Whether your preference for tackling this task is down and dirty, methodical and geeky, or somewhere in between, at least one of the approaches in this article should help you get your HTML into InDesign—and, with one exception, won’t require spending a dime, except for the cost of your own time. None of them are perfect, but they beat starting from scratch.
Bear in mind, too, that my goal here is not to take a full web page layout and recreate it in InDesign. These methods bring in only the text content from the HTML.

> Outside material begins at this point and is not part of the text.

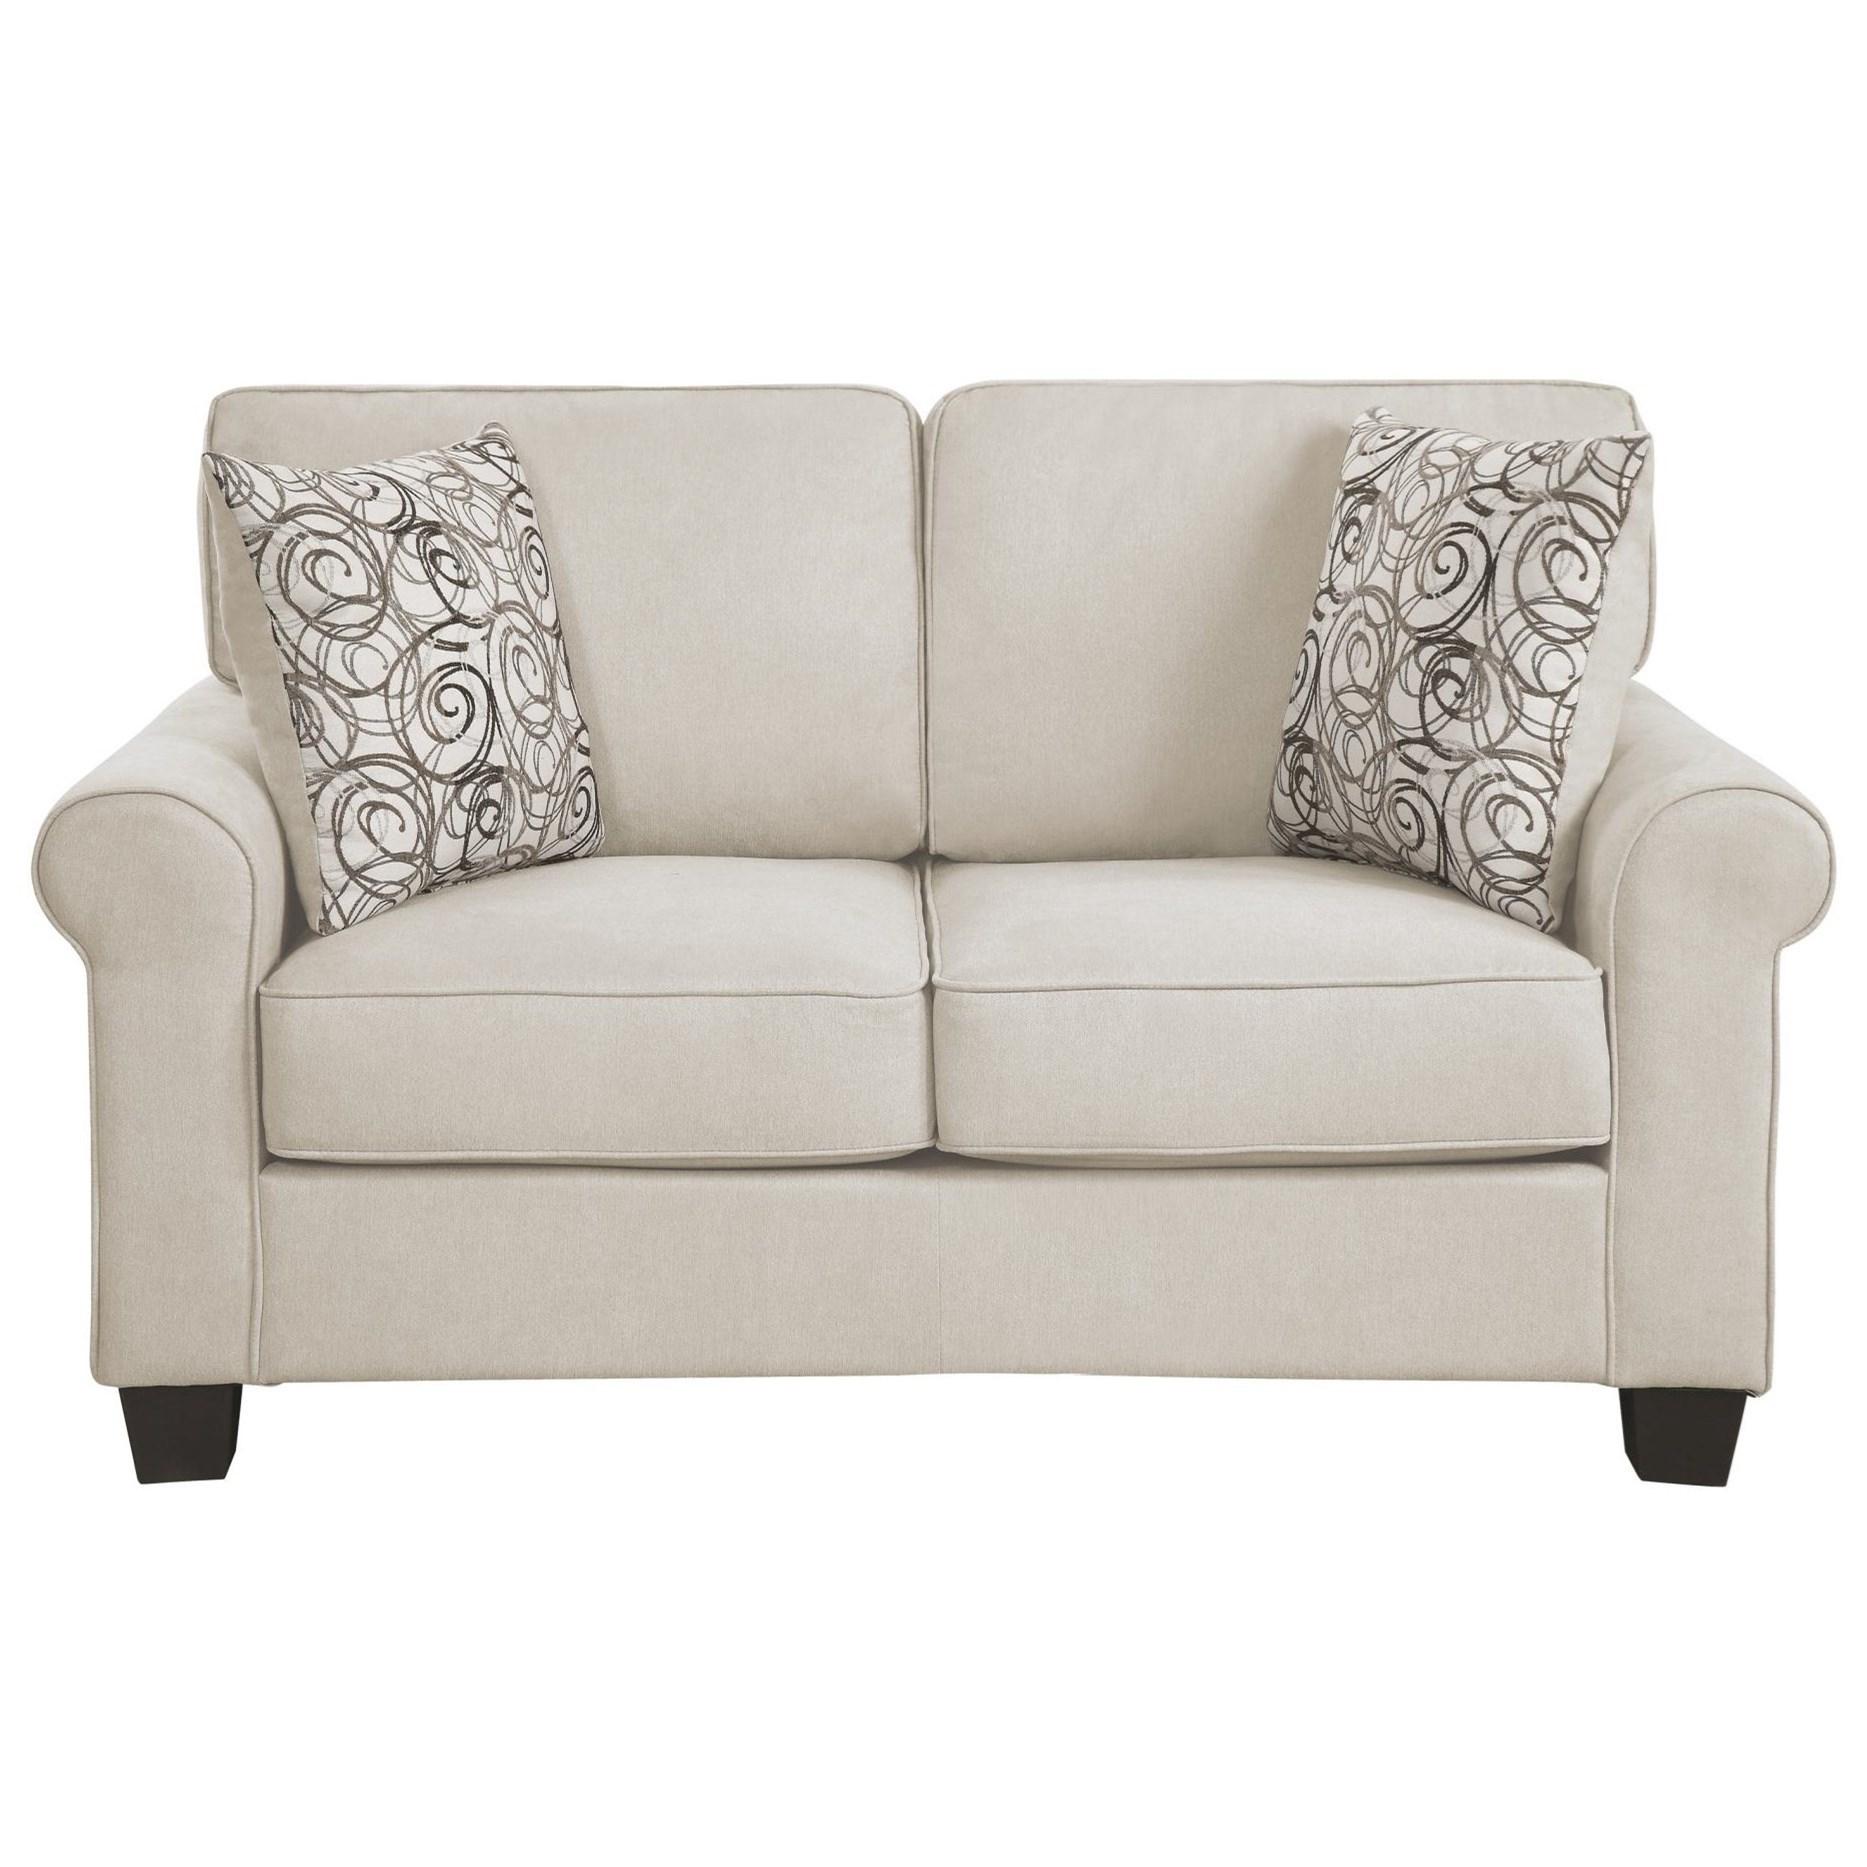 Homelegance Selkirk Love Seat - Item Number: 9938SN-2

As a markup language, HTML identifies different types of content, like headings, paragraphs, and lists. The formatting of that content is described by code called a Cascading Style Sheet (CSS). The content and its formatting instructions are brought together and rendered by the web browser. Your challenge is to bridge the gap between the code and InDesign using one of the following four methods.

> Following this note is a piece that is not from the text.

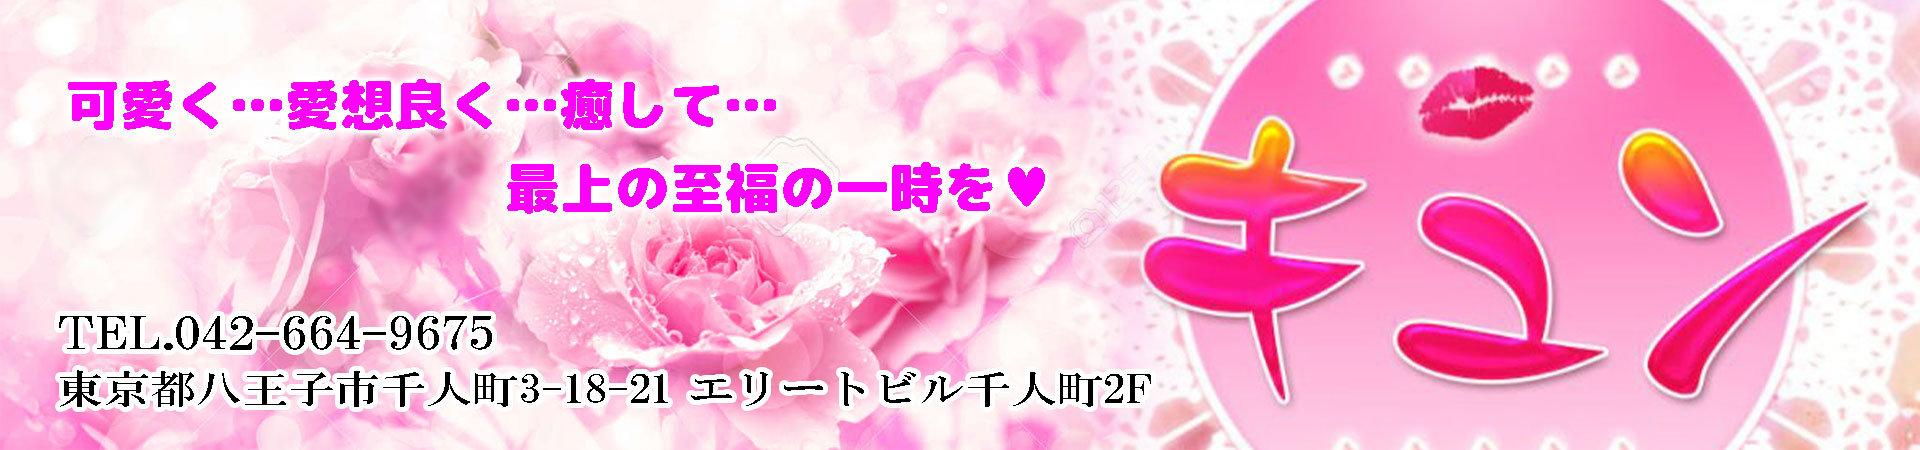 【キュン】西八王子/東京
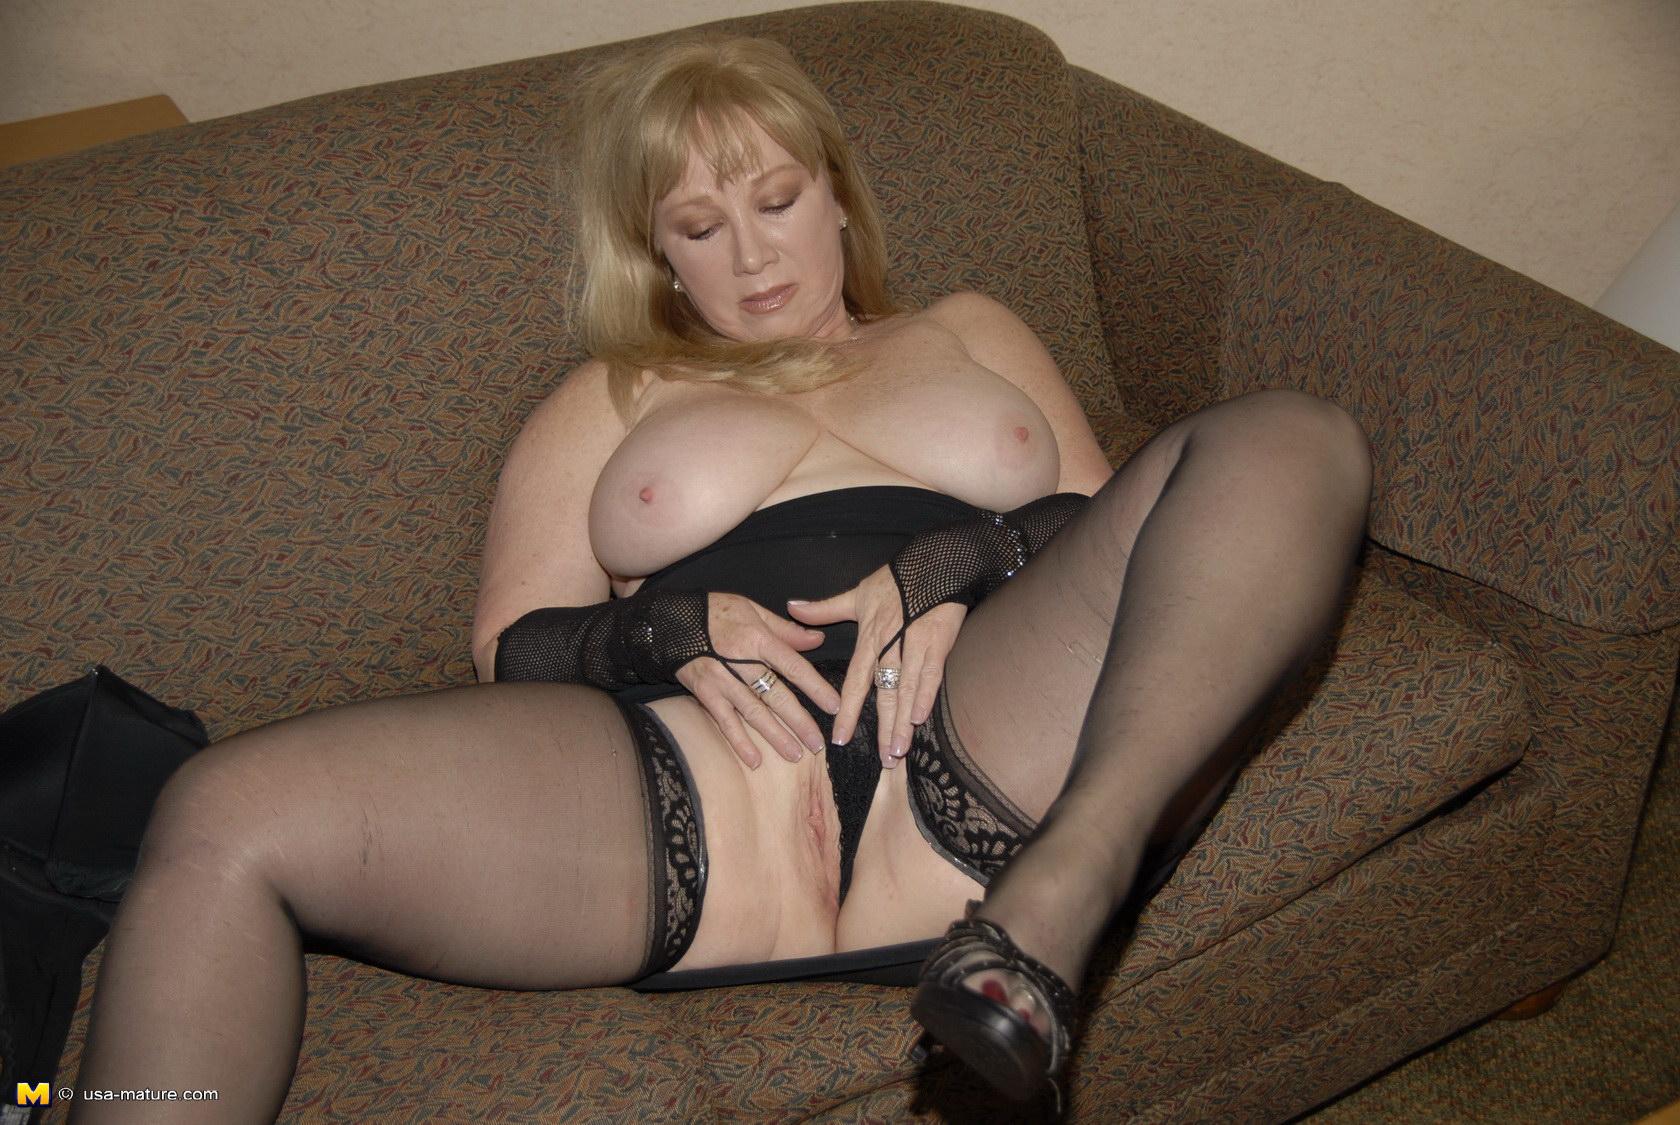 Фото порно проституток москвы — pic 4

Method #1: Copy, Paste, and Hope for the Best
• No prep up front
• Type formatting (somewhat) preserved
• No styles generated for pasted content
• Bolds and italics are lost
• This option requires the least amount of up-front effort but comes with a huge “your mileage may vary” disclaimer.
Open an HTML file or web page using your web browser, select all of the desired copy in the browser, and copy it to the clipboard. Browsers will differ in how much, if any, formatting they preserve. For example, Safari on the Mac will retain much of the formatting you’ve copied, while Chrome preserves nothing. On the Windows side, the current version of the much-maligned Internet Explorer does probably the best job of all.

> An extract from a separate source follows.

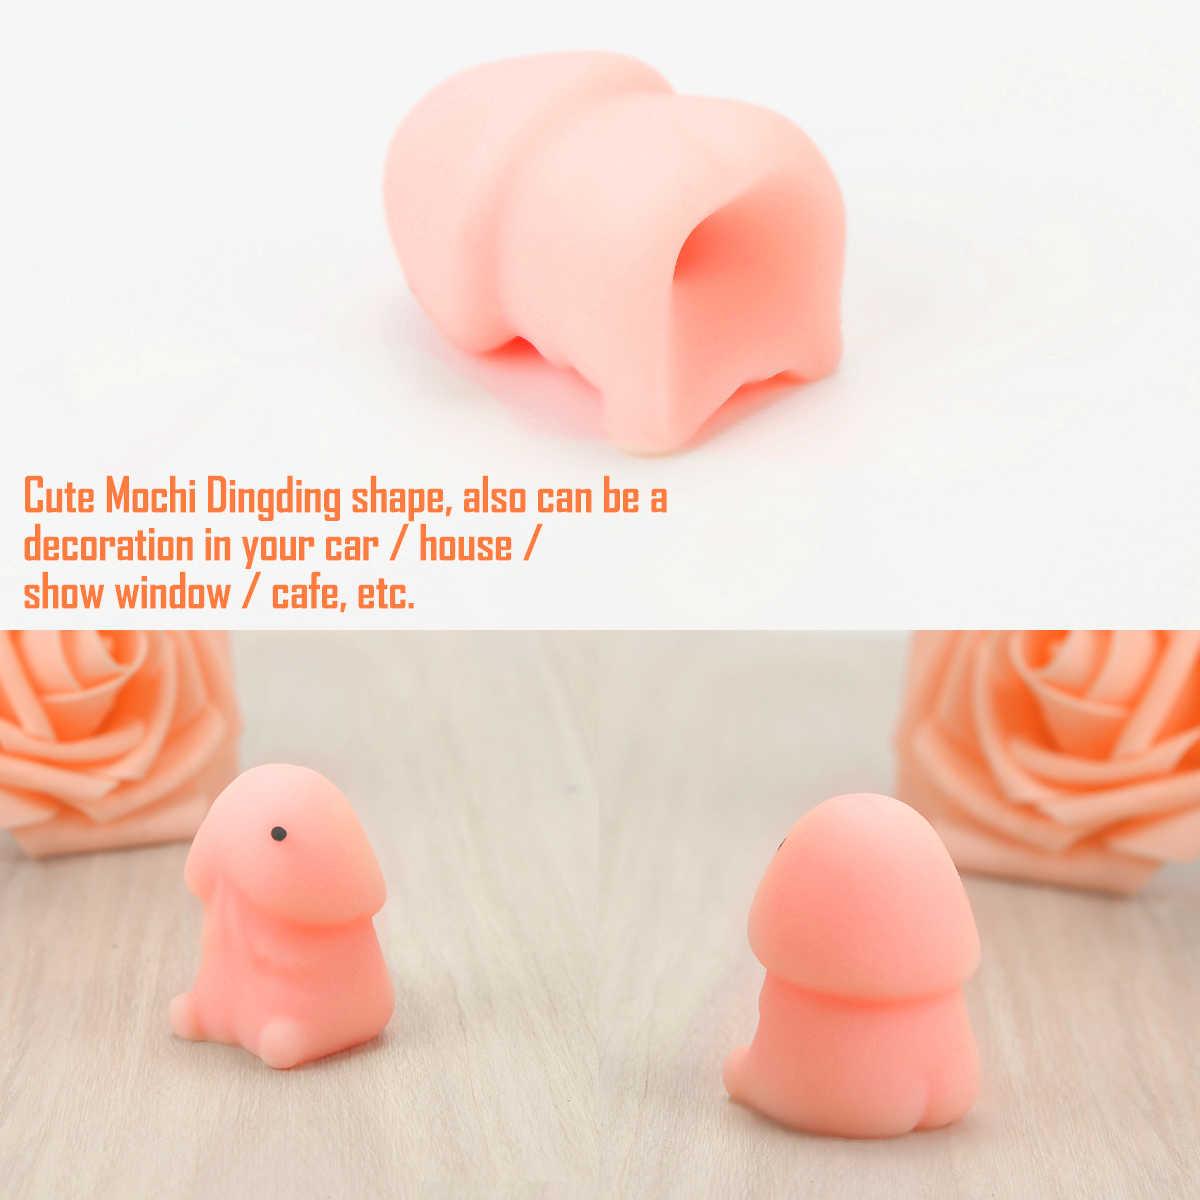 רטוב צעצוע חמוד Antistress כדור לסחוט מוצ 'י עולה צעצוע לפרקן רך דביק Squishi צעצועי הפגת מתחים מצחיק מתנה

Before pasting what you’ve copied into InDesign, however, be sure you’ve set your clipboard handling preference (Preferences > Clipboard Handling) for “When pasting text and tables from other applications” to “All information (Index Markers, Swatches, Styles, etc.)” (see Figure 1). Otherwise, the content will come in as unformatted text.
When you paste the copied text into InDesign, you’ll see some measure of the formatting preserved, depending on the browser you copied it from (Figure 2).
In most cases, all text will come in with “No Paragraph Style” as its style, with all other formatting treated as overrides, and no character styles will be created (Figure 3).
However, Explorer for Windows manages to hang on to heading attributes (H1, H2, etc.) and hyperlinks well enough that corresponding Paragraph Styles for H1, H2, and so on will be created, along with a Hyperlink Character Style.
From this point on, building the styles you want is up to you, but you’ll have the formatted text as a visual reference. To speed things up, you could download and install Thomas Silkjaer’s Auto Create Paragraph and Character Styles script. The script examines the formatting in the document and then creates and applies paragraph and character styles to the text. It does quite a nice job of keeping the number of styles to a minimum, too. The styles are generically named—AutoStyle1, AutoStyle2, and so on (Figure 4)—but renaming styles is a lot less work than creating them manually.